Here are some examples of how to query for these BIDS specific files.

Retrieve a list of all event files available in your data:

all_events = layout.get(suffix='events', return_type='filename')
print(all_events)
all_events = layout.get(suffix='events', return_type='filename')
print(all_events)
#Output
#['./ancp-bids/tests/data/ds003483/sub-009/ses-1/meg/sub-009_ses-1_task-deduction_run-1_events.tsv',
#'./ancp-bids/tests/data/ds003483/sub-009/ses-1/meg/sub-009_ses-1_task-induction_run-1_events.tsv',
#...
#'./ancp-bids/tests/data/ds003483/sub-031/ses-1/meg/sub-031_ses-1_task-deduction_run-1_events.tsv',
#'./ancp-bids/tests/data/ds003483/sub-031/ses-1/meg/sub-031_ses-1_task-induction_run-1_events.tsv']

Again we can use any combination of the parameters of the get() function to narrow down the search according to our needs.

Following the example from the section above we could limit our search to all event files of a specific subject, task or other entity defined in our data. See, reference to section to once again check how to find all available entities in your data.

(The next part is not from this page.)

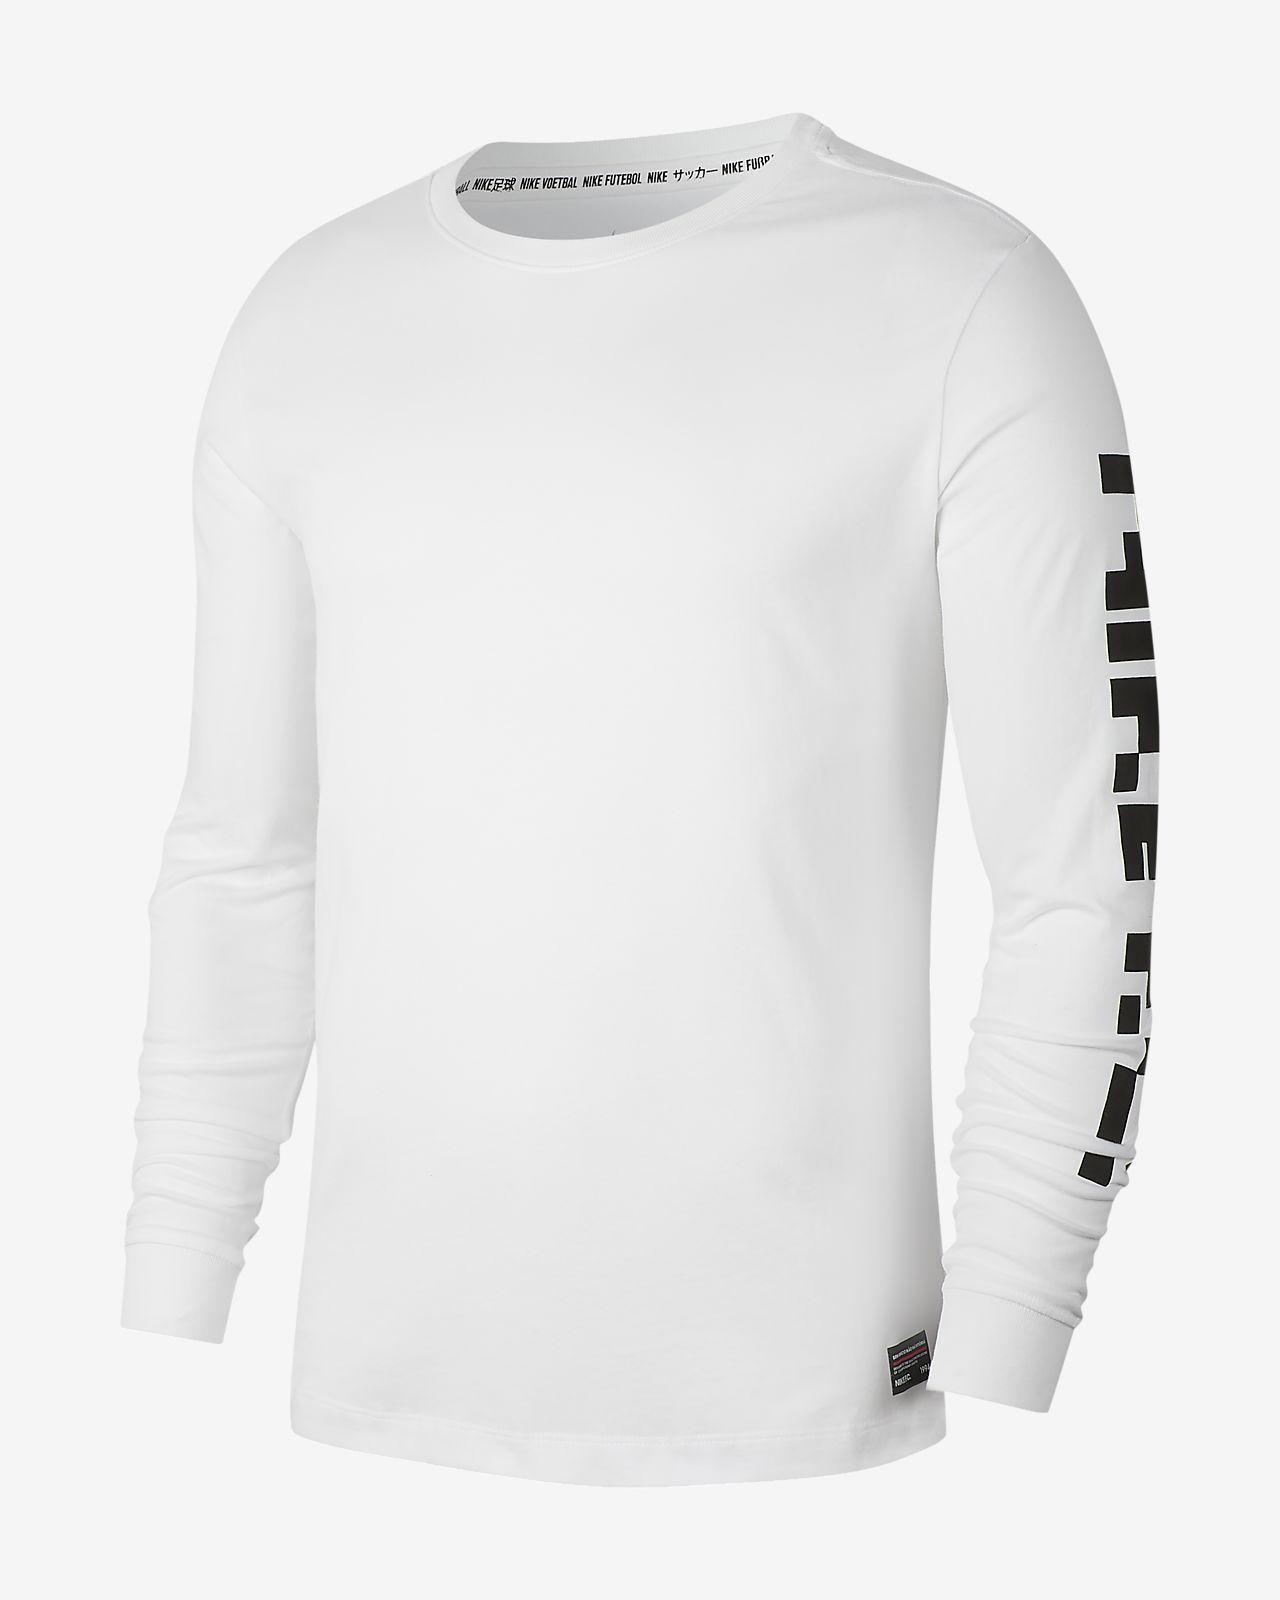 Nike Dri-FIT F.C. Men's Long-Sleeve Soccer T-Shirt

Let’s search our data for the event file of sub-009 for the deduction task:

events_sub009_deduc = layout.get(suffix='events', subject='009', task='deduction', return_type='filename')
print(events_sub009_deduc)
#Output
#['./ancp-bids/tests/data/ds003483/sub-009/ses-1/meg/sub-009_ses-1_task-deduction_run-1_events.tsv']

Note, if your BIDS dataset contains metadata for your event files (i.e. a file describing the columns of your events file) you can specify if you want to search for the metadata or the actual event files by setting the extension parameter to ‘.json’ or ‘.tsv’, respectively.

We can search our data for the other files described above by setting the extension value to one of the values defined above.

Moreover, the ancpbids library offers a convenience function to query for (or access?) the dataset_description.json

dataset_desc = layout.get_dataset_description()